Wisconsin: Democrats angle for nonpartisan redistricting reform | The Capital Times

Democratic lawmakers are once again seeking to enact nonpartisan redistricting reform in Wisconsin, with legislation introduced Tuesday. State government in Wisconsin has been under one-party Republican rule since 2011. Democrats tried and failed to pass similar legislation in 2012. Asked why Democrats didn’t implement these reforms when they last held a majority in 2009 and 2010, Sen. Dave Hansen, D-Green Bay, said, “Something should have been done,” adding that he was supportive of it at the time. “That was a mistake, and that’s a pox on our party and a pox on any party that doesn’t do the right thing,” Hansen said. “But it does not excuse the opportunity we have now.”

Florida: House balks at another redistricting session | News Service of Florida

House Speaker Steve Crisafulli on Tuesday all but ruled out a special session to take another stab at drawing new districts for Florida’s congressional delegation, making it increasingly likely that the task will fall to the courts. In a memo sent to state House members, Crisafulli indicated he would not back off a demand that lawmakers approve a “base map” aimed at satisfying a July Supreme Court ruling, which found that existing congressional districts violate the anti-gerrymandering “Fair Districts” standards approved by voters in 2010. During a special session last month, senators tried to amend the base map, but House leaders said that could cause the courts to strike down districts again. The session imploded after the House and Senate failed to reach agreement. The Supreme Court on Friday sent the redistricting issue back to Leon County Circuit Judge Terry Lewis, who has overseen long-running litigation about the congressional map. But justices left open the possibility that lawmakers still could go into special session and agree on districts.

Editorials: Maryland Redistricting reform gets another day in court | Capital Gazette

The betting odds are that the case filed by Stephen M. Shapiro, a former federal employee from Bethesda, won’t make a dent in Maryland’s chronic gerrymandering — the manipulation of district lines in order to benefit the majority party. All past attempts to get the judiciary to intervene have failed. But you have to give Shapiro, who has pursued the issue for a quarter-century, credit for trying. His determination has gotten him not just a day in court but a day (well, actually more like an hour) in the U.S. Supreme Court this fall. The court is scheduled to hear a case resulting from Shapiro’s contention that the maps drawn by this state’s Democrats after the 2010 census violate First Amendment rights to free speech.
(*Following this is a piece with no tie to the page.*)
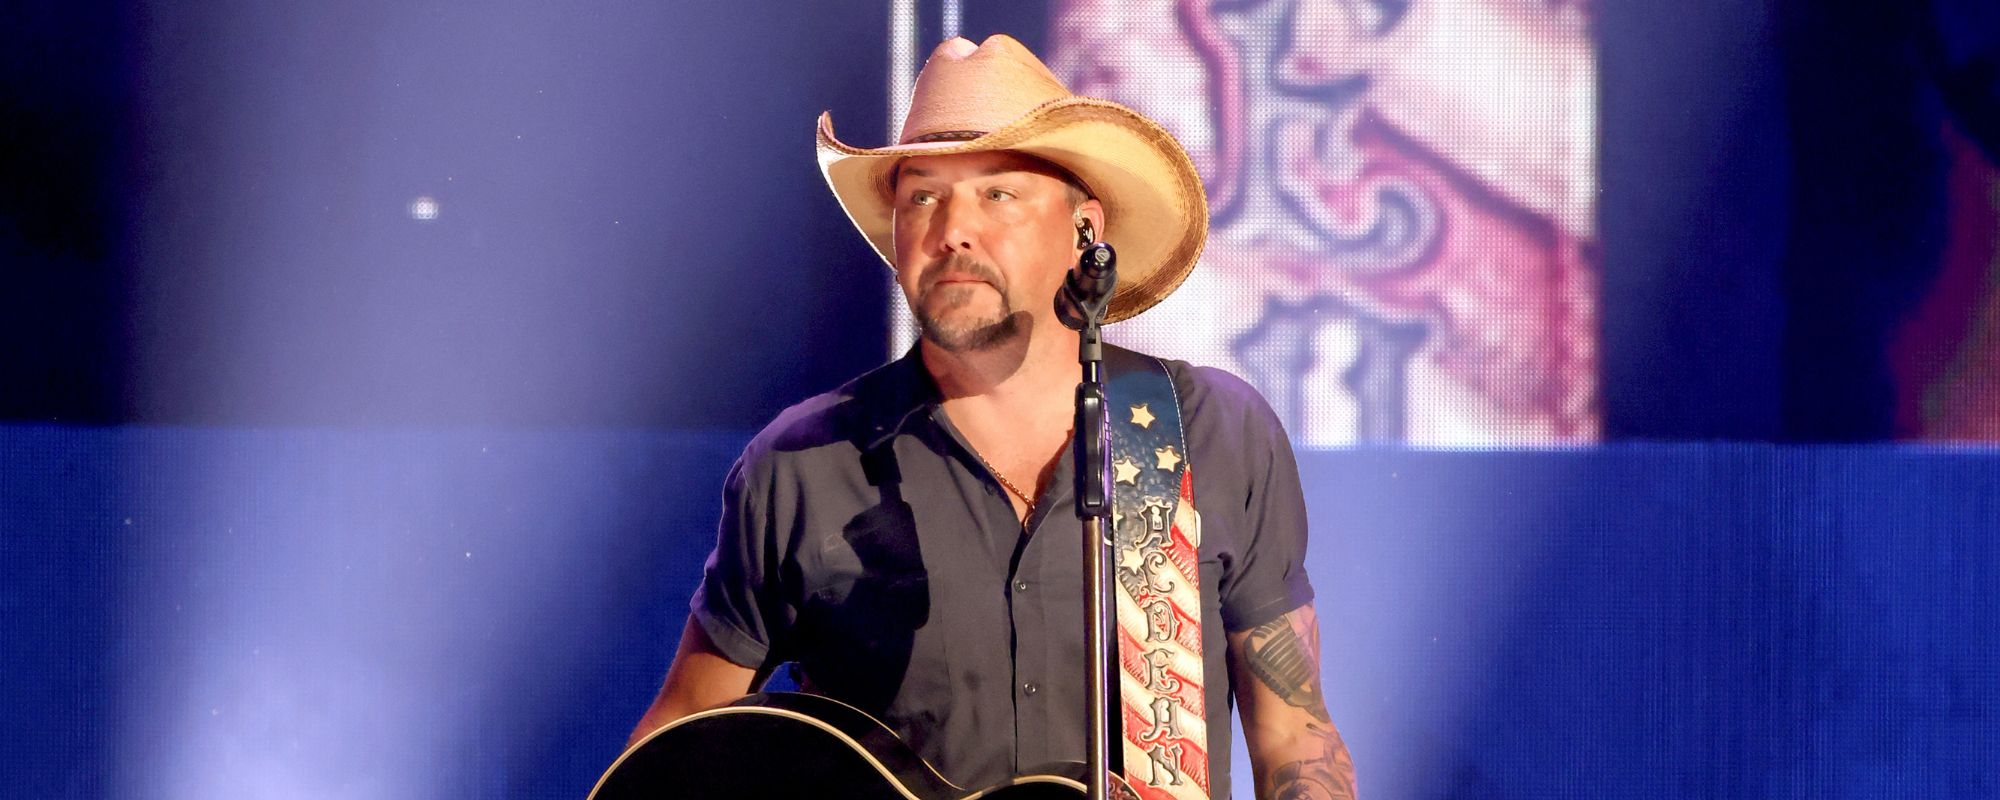 Jason Aldean Honors Toby Keith With Heartbreaking “Should’ve Been a Cowboy” ACM Awards Tribute Performance [Video]

Wisconsin: Democrats renew push for redistricting reform | Wisconsin Radio Network

Democratic state lawmakers are once again calling for a change in how Wisconsin does legislative redistricting every ten years. Currently, data from the decennial U.S. Census is used by the majority party in each chamber to redraw the district lines across the state. Democrats argue the issues with the process came to a head in 2011 when, for the first time in decades, Republicans were in complete control of Wisconsin government. During a Capitol press conference Tuesday to unveil the bill, state Rep. Dave Considine (D-Baraboo) said a recent study of that process resulted in Wisconsin being called “the most gerrymandered state in the country.” Democrats are reintroducing a bill that would change the way the state draws district lines every decade. Under the proposal, which is similar to legislation introduced last session, the non-partisan Legislative Reference Bureau would draw new legislative and congressional district maps, aided by a Redistricting Advisory Commission.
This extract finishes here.